On 19 October, the Colombian government reported that 242 medical teams were attacked between January and September 2020, a 63 percent increase over 2019. Attacks ranged from threats and discrimination to injuries to health personnel. According to the Health Ministry of Colombia, about 38 per cent of the cases of aggression against health workers occurred in a context related to the pandemic, with nurses, doctors, ambulance drivers, technicians and assistants being accused of medical negligence or discriminated against for being considered a source of contagion.[102]
On 20 October, the Colombian government announced a ban on public Halloween celebrations on 31 October. According to Health Minister Fernando Ruiz, the decision was reached since there was scientific evidence that parties and gatherings have been the main cause of new COVID-19 infections in Europe, while the high rate of population at risk in the country did not allow to make way for situations in which their lives could be endangered. Moreover, candy-picking tours on streets and shopping malls were deemed to generate supercontagators, spreading the virus as they go from door to door. Lastly, the country was on a downwards yet still fragile trend in the epidemic curve, and celebrations such as Halloween could cause troubles to keep said trend.[103] In addition to this, territorial entities were free to set curfews for the weekend, with several departamental capital cities and intermediate towns such as Bucaramanga, Ibagué, Tunja, Manizales, Armenia, Pereira and Neiva applying the measure.[104]
On 23 October, Vice-president Marta Lucía Ramírez was confirmed to have tested positive for COVID-19, albeit asymptomatic and in good health. The Colombian government stated she had taken the test on Thursday ahead of a planned conference with local governors, and that she was carrying out the corresponding isolation. President Iván Duque, who had her appear on his nightly television broadcast on Monday, was also tested on Thursday, with the result being negative.[105]
On 24 October the country reached 1 million confirmed coronavirus cases, becoming the second country in Latin America to report that number in less than a week, after Argentina,[106] as well as the eighth country in the world to have reached that number. On that day, 8,769 new cases, 198 new deaths, and 5,727 new recoveries were reported for a total of 1,007,711 confirmed cases, 30,000 deaths and 907,379 recoveries.[107]
On 28 October, President Iván Duque announced the extension of the selective isolation stage until 30 November, with the same permissions and restrictions being kept in place through November.[108]
November
[edit]A poll conducted from 9 November to 10 December by the National Administrative Department of Statistics (Dane) found that only half of Colombians wanted to be vaccinated against coronavirus. In Quibdó, 72 percent said they wanted the vaccine, but in Cali, only 43 percent wanted it. Among those who said they did not want the vaccine, most said they feared side effects.[109]
On 25 November, President Iván Duque extended the state of health emergency for 90 additional days until 28 February 2021. The decision was reached since Tunja and cities in the Coffee Axis such as Manizales and Pereira were still going through their first peak of infection, and prevention measures needed to be reinforced ahead of the start of December. The extension of the health emergency also implied the extension of the selective isolation stage for the same period of time, with its involved restrictions.[110]

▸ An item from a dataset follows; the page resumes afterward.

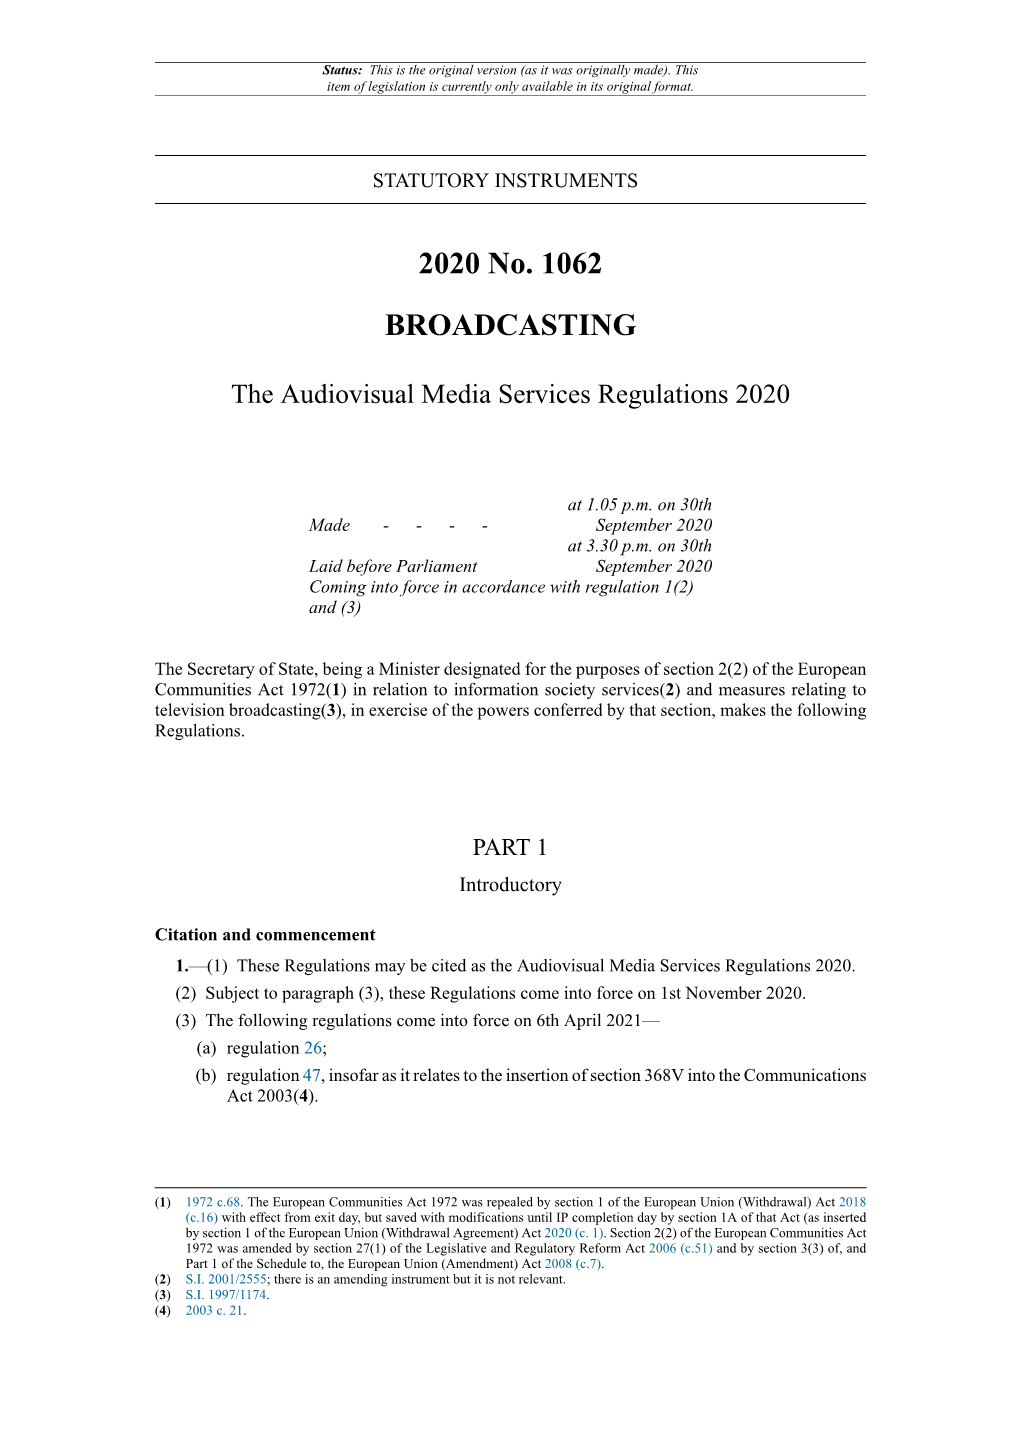 The Audiovisual Media Services Regulations 2020

On 28 November, the National Health Institute (INS) released the preliminary findings of its seroprevalence study aimed at determining a more accurate estimate on the percentage of Colombian population that had already had contact with the novel coronavirus, with or without symptoms. The study was being performed in 10 cities through strategies such as mass, random sampling and blood test analysis on over 20,000 people, with the first findings revealing that nearly 60% of screened people in Leticia (59%) and Barranquilla (57%) had developed coronavirus antibodies, which could indicate they could have already been infected, while in Medellín antibodies were found in nearly one in three people (27%). While those results showed that the country has taken steps heading to a potential herd immunity given that the seroprevalence findings were higher than in other countries, it was also evident that the proportion of the population still susceptible to infection was still high and the containment strategies of the virus were not the best.[111]
December
[edit]On 2 December, former senator Juan José García Romero died of COVID-19 at age 76.[112]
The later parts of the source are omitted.